Because for one whole hour, I actually managed to forget Auschwitz, and Dr. Josef Mengele…
one.
MENGELE AND HIS CHILDREN.
Nine-year-old Beppo Mengele stood at the Gunzburg railroad station, awaiting the train that would bring in supplies for his father’s factory.
How excited he became when it pulled into the station! The townspeople recall how, in a loud voice, he would order his two brothers to get ready to unload. Young Mengele was always
happy when the transports arrived.
Karl and Walburga Mengele often assigned their oldest boy the task of overseeing the shipment of goods to and from the Mengele farm-equipment factory. Beppo would ride the horse-drawn wagon down to the train station, delighting at the ruckus it caused as it clattered across the cobbled stone streets of the sleepy little town. If it was early in the morning, the residents of Augsburgstrasse, Gunzburg’s main street, were awakened by the noise of the heavy steel parts banging and clanging against one another. They would sigh and mutter affectionately,
“Mengele is coming.” With his dark hair, gleaming eyes, and mischievous grin, Beppo was an endearing child-the most popular of the three Mengele brothers.
At the station, the little boy proved that he deserved the trust his parents placed in him. He watched carefully as the shipments were stacked onto the trains. If a train had brought in supplies, he supervised their loading intO the carriage, making certain nothing was broken or left behind.

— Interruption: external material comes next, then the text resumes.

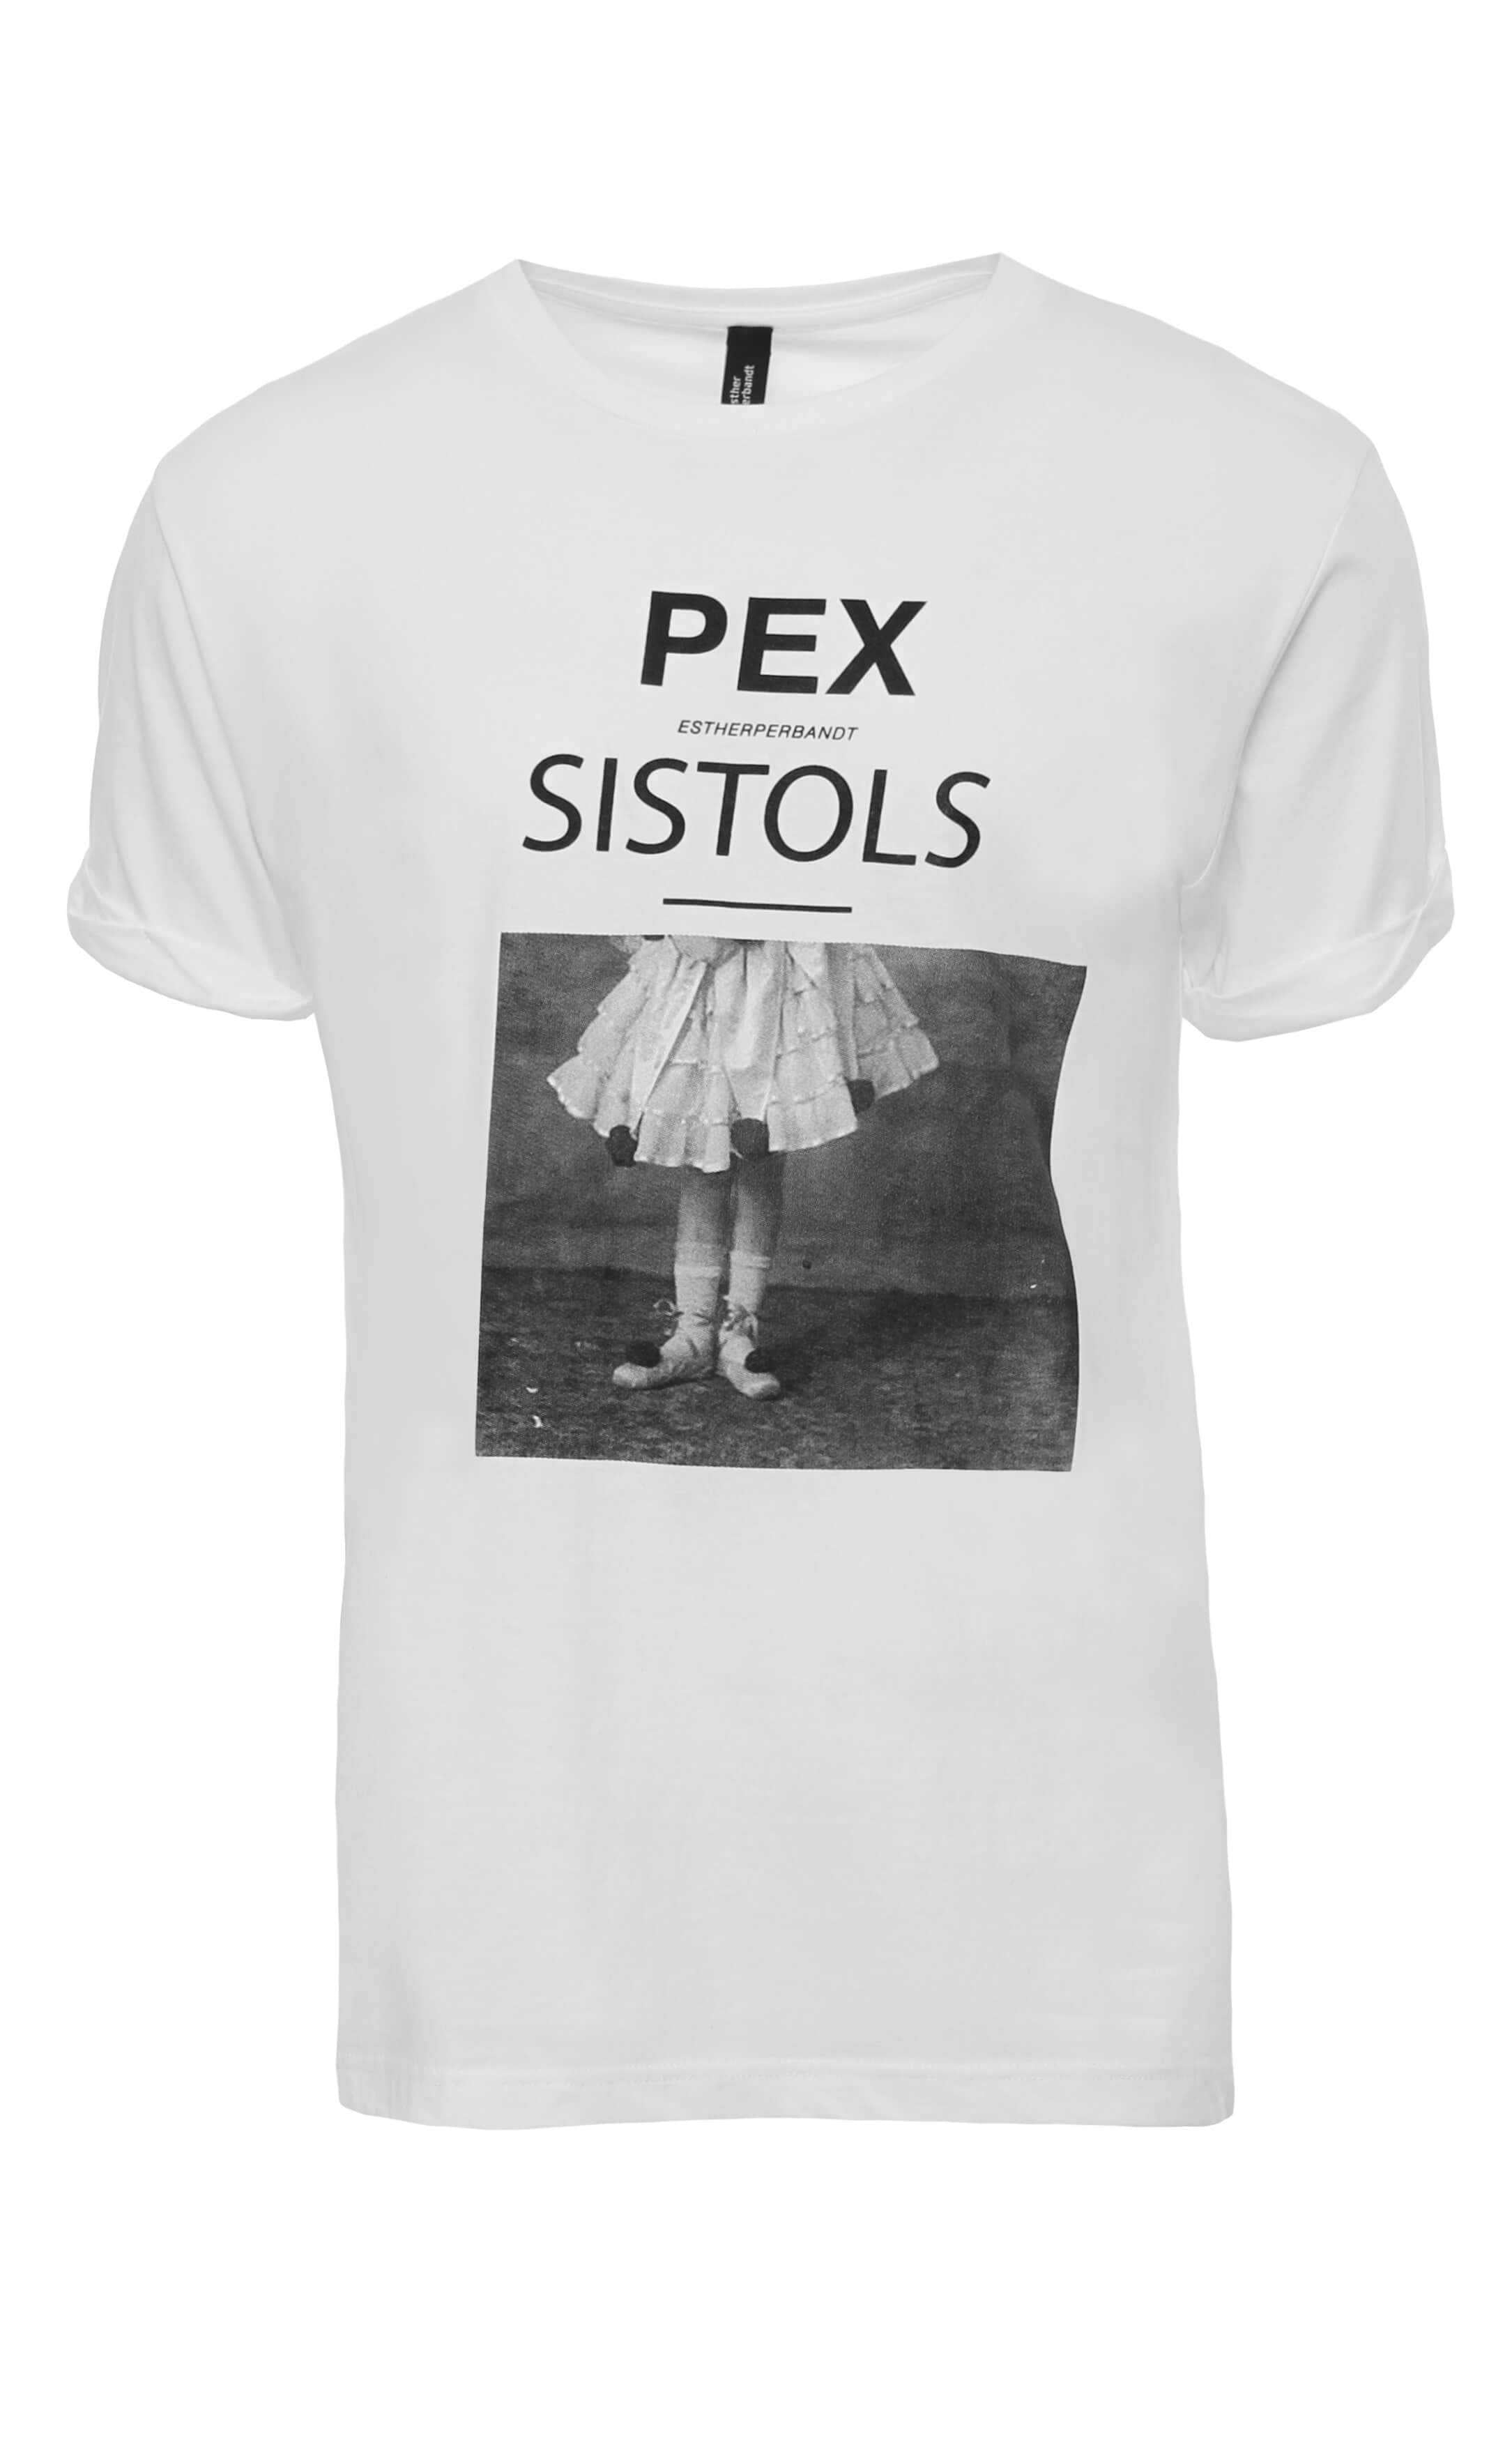 PEX SISTOLS - esther perbandt T-shirt | esther perbandt

It was a grownup job, and young Mengele was said to revel in it.
A quarter of a century later, an older Beppo-SS Dr. Josef Mengele -still delighted at the arrival of trains and their cargoes, but at a different railway stop.

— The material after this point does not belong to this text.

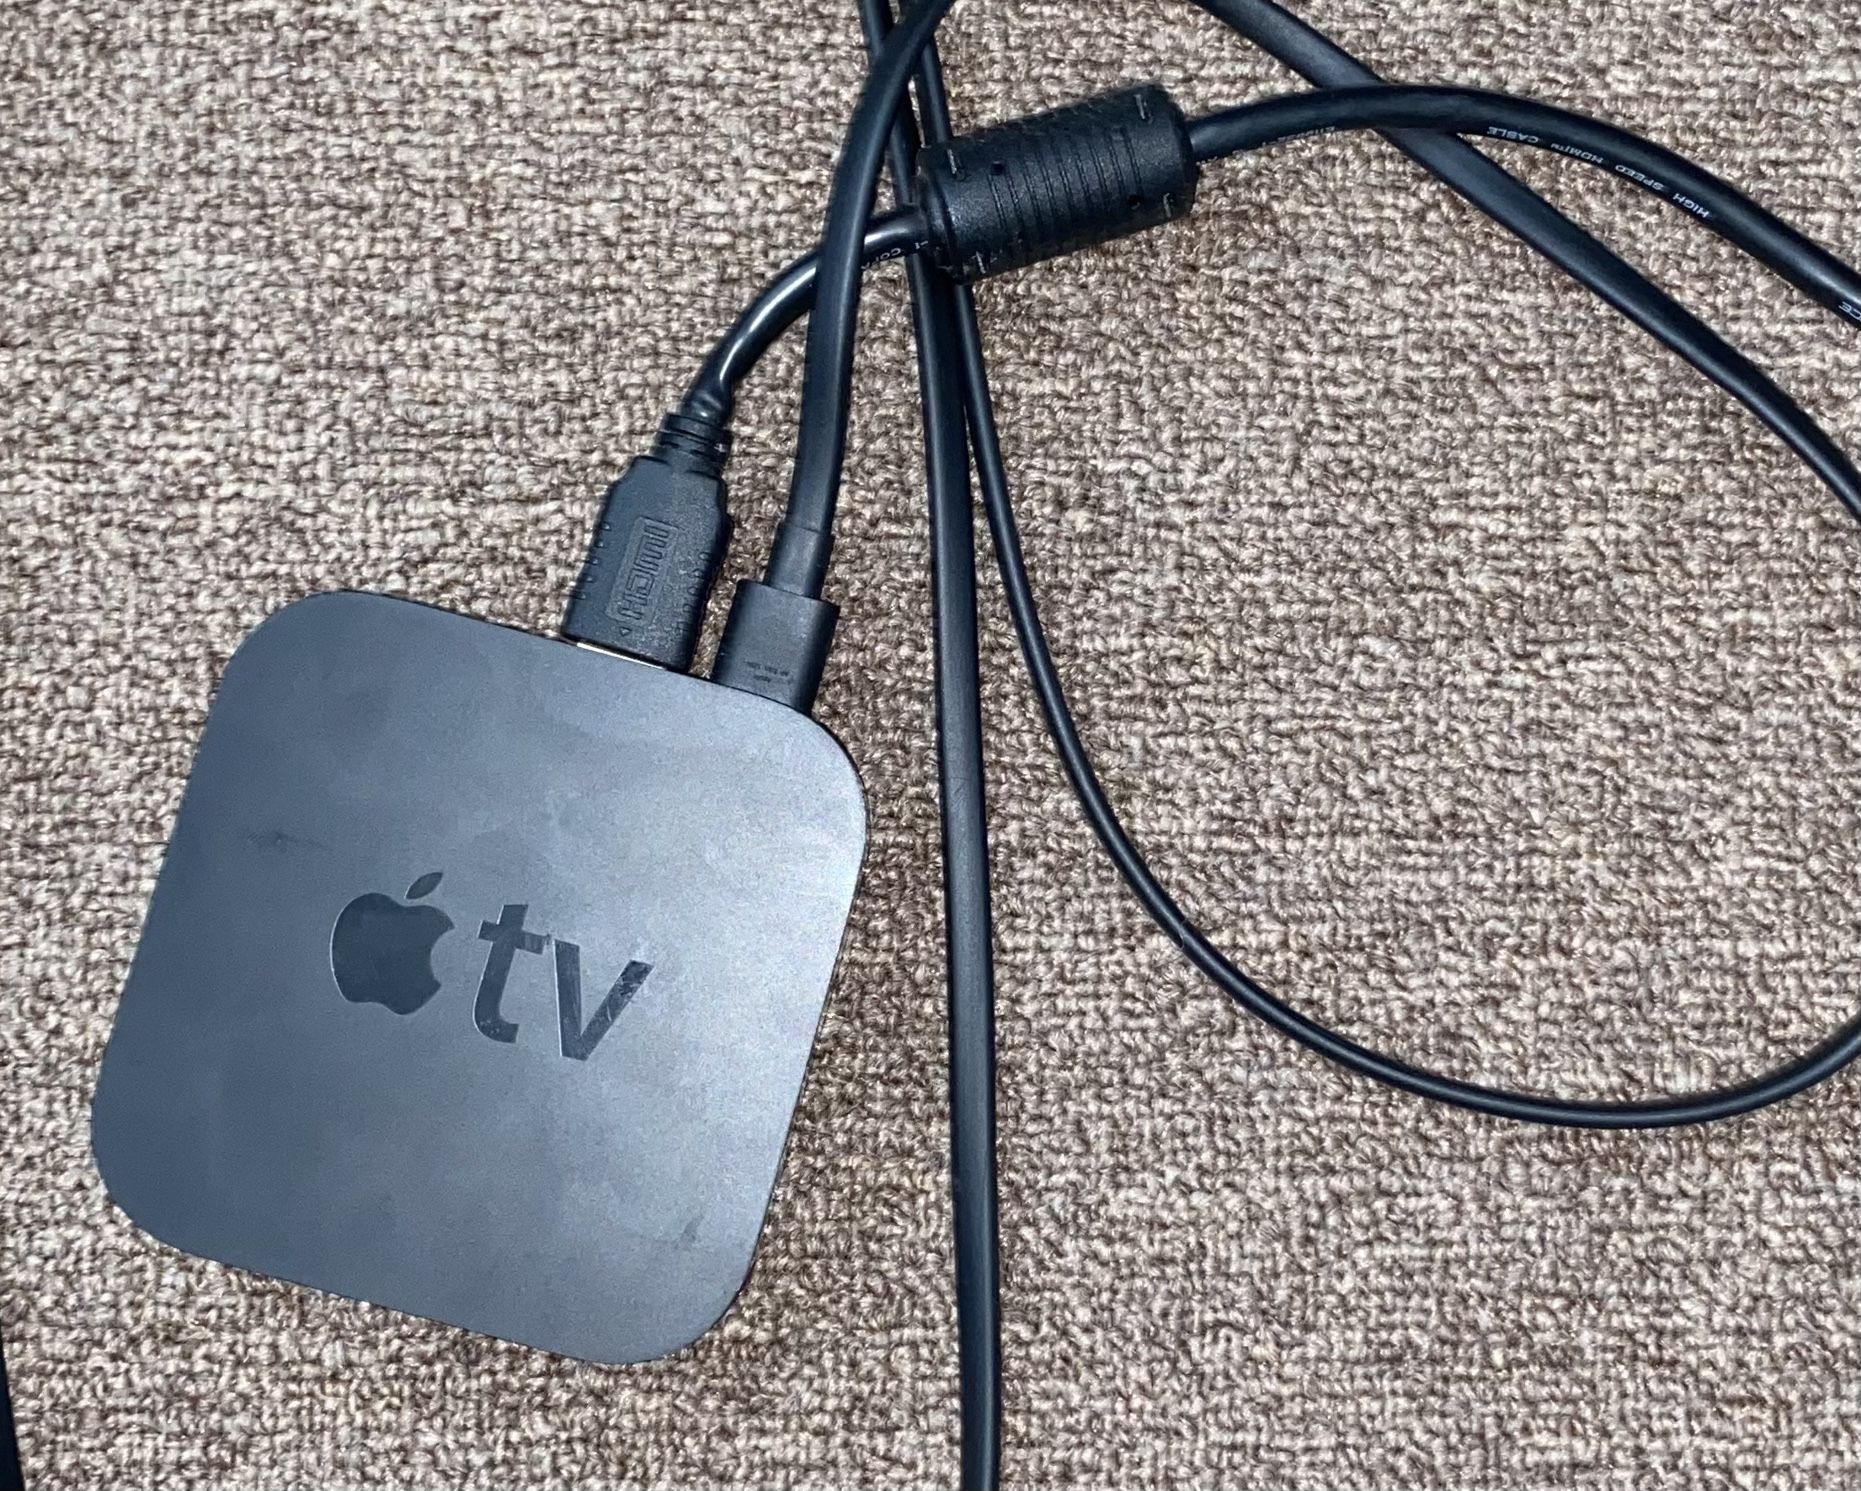 Apple TV A1469 3rd Gen (2012)

Mo SHE OFFER: I was born in 1932 in a small town in what is now a part of Russia.
My twin brother and I were the youngest of four brothers. We were nicknamed
“Miki and Tibi.”
My family was very wealthy. Father owned a large estate with two plants that manufactured liquor. We grew potatoes and fruit on our farm, and made sweet liqueurs from them.
It was a wonderful life. Each morning, Tibi and I were taken to school by a horse-drawn carriage. We owned two horses!
Then the Germans came in 1944. They took everything from us.
They confiscated our gold, our jewelry, our furniture-all our possessions. We were no longer permitted to live on the farm.